All of this is contained in a leaked US government memorandum sent in confidence to the Chairman of the Senate Intelligence Committee, which was published by The Weekly Standard in its 24 November 2003 issue. And in case you have doubts, the details are there in chapter and verse.

Now it could be argued this is massive fabrication – but nobody has yet made any cogent argument along these lines. It has been either ignored or downplayed by most of the media. Any conclusion that this was not newsworthy is astounding, given the space and airtime devoted to Iraq, including, for example the exaggerated reports about opposition to the visit of President Bush to London.

The Metropolitan Police estimated the number of protestors as 30,000 – about the number you would expect the Euro rent-a crowd to be able to cobble together in the middle of the week when others are working. The 30,000 were of course never known to stir against Saddam Hussein, or the Jihad that al-Qa'ida has launched against Arab Christians, an already persecuted group, as well as British interests in the Middle East. Not so much because of the US alliance, but as Professor Walid Phares writes, because of what British culture and commitment to freedom mean. ( November 21, 2003)


Newsweek was one of the few media outlets to pick up The Weekly Standard's story, rashly dismissing it as "hype" and saying the case againstSaddam was far from closed.

This allowed The Weekly Standard to demonstrate that either the Newsweek journalists had not seen the memo, or worse, that they had misreported its contents. (Weekly Standard 21 November)

In the event that The Weekly Standard is shown to be wrong, this will in no way affect the legality — or otherwise – of the Coalition intervention in Iraq. Remember the ground relied on by the coalition was that Saddam was in long and obstinate breach of the terms of the truce which ended the first Gulf War.

The terms of this, and the various attempts to enforce it are contained in a long series of enforceable  Security Council resolutions. The legal ground relied on for intervention. It could have just as much been humanitarian or self defence resulting from the link with al-Qa'ida.
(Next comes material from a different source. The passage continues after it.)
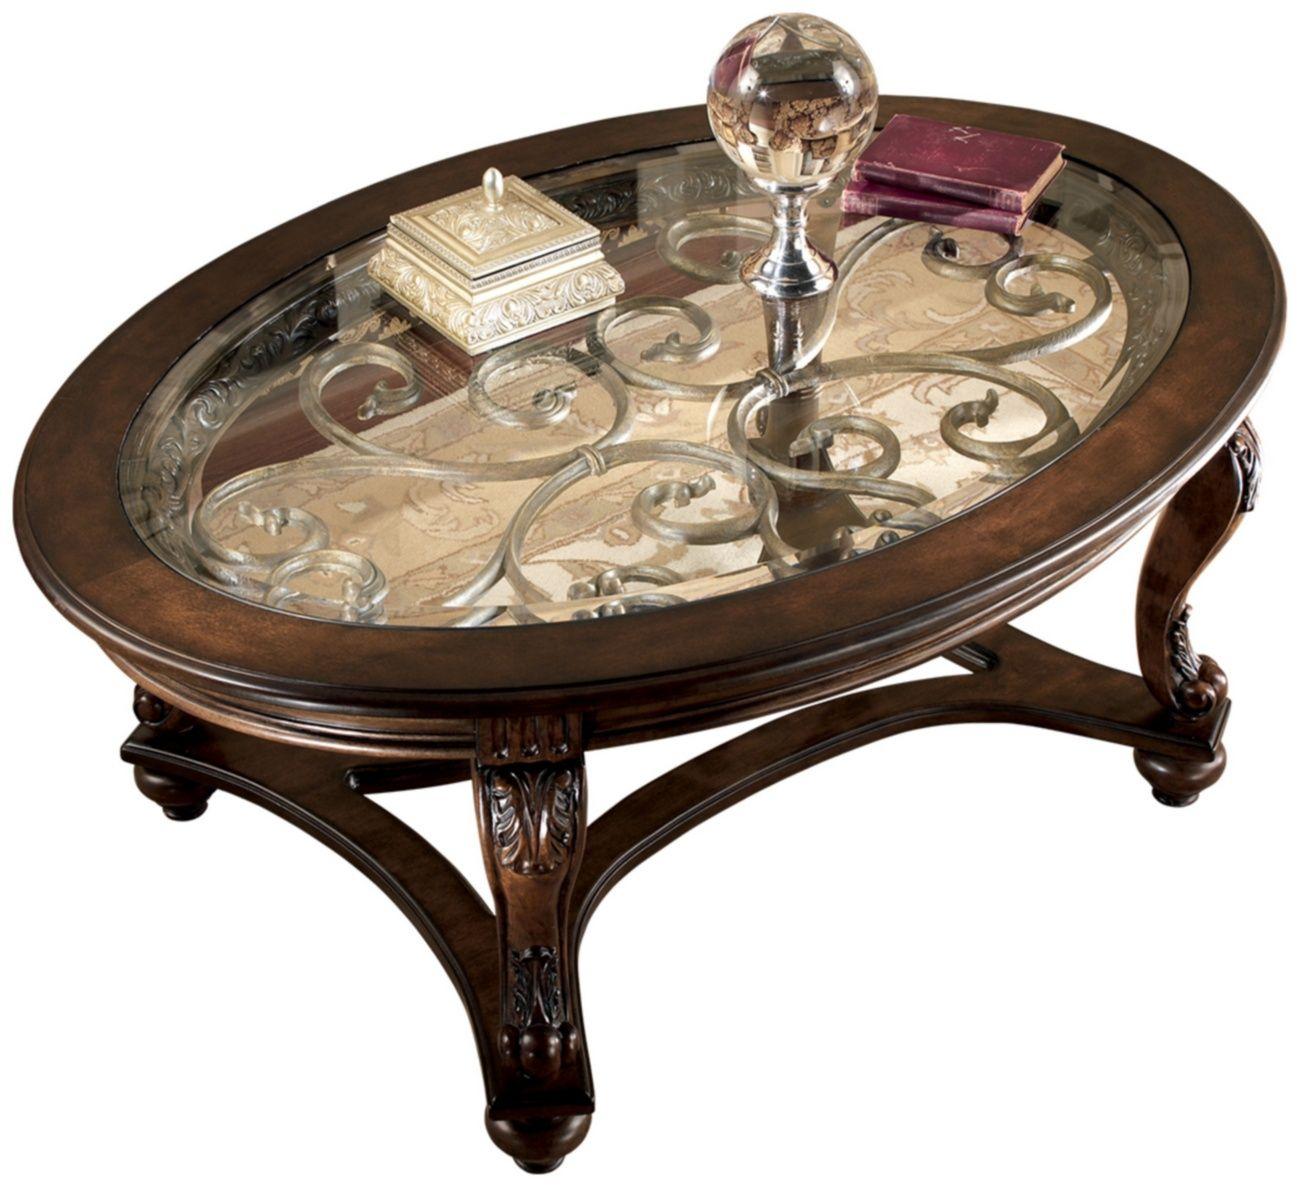 Signature Design Norcastle Oval Cocktail Table Ashley Furniture T499 0

The Coalition relied most on the fact that Saddam had consistently and repeatedly breached Security Council resolutions in failing to account for the weapons of mass destruction he clearly possessed. As the intervention became certain, these were no doubt hidden, or moved to other countries.

The only serious challenge to the legality of the intervention is in the argument that yet another Security Council resolution was necessary. (But no Western government thought it was necessary in Bosnia, and it certainly would not be a necessary precondition to the exercise of the right of self-defence)

It is of course clear that The Weekly Standard's revelation does not fit the "facts" that have been propagated by many who opposed the intervention. These are that the war was illegal and unjustified, that there were no WMD's, that there was no link between Saddam and al Qa'ida, and that the Coalition is now trapped in some sort of quagmire.

If so, at least Iraqi authorities no longer rape, mutilate or murder political prisoners – there aren't any. The only murders and mutilations are being carried out by the Saddamites, the same people the elites wish Messrs Bush, Blair and Howard had left in power! Iraq now has a free press and a myriad of political parties. And Washington has recently indicated that state power will be returned to an Iraqi government by the end of June 2003.

The principal Iraqi authority is the Governing Council, chosen by the Coalition Provisional Authority. They must have chosen well. As the Egyptian political scientist, Wahid Abdulmajid says, it is the only ruling establishment in the Arab world that includes representatives of most political trends. (Dar al hayat, 11 November 2003.

But according to Christian Lowe, who spent six weeks on assignment there, Iraqis away from Baghdad, especially in the South and North, are relying more on their local town councils to provide essential services. In the meantime the Governing Council has the task of drafting a new constitution and having it approved.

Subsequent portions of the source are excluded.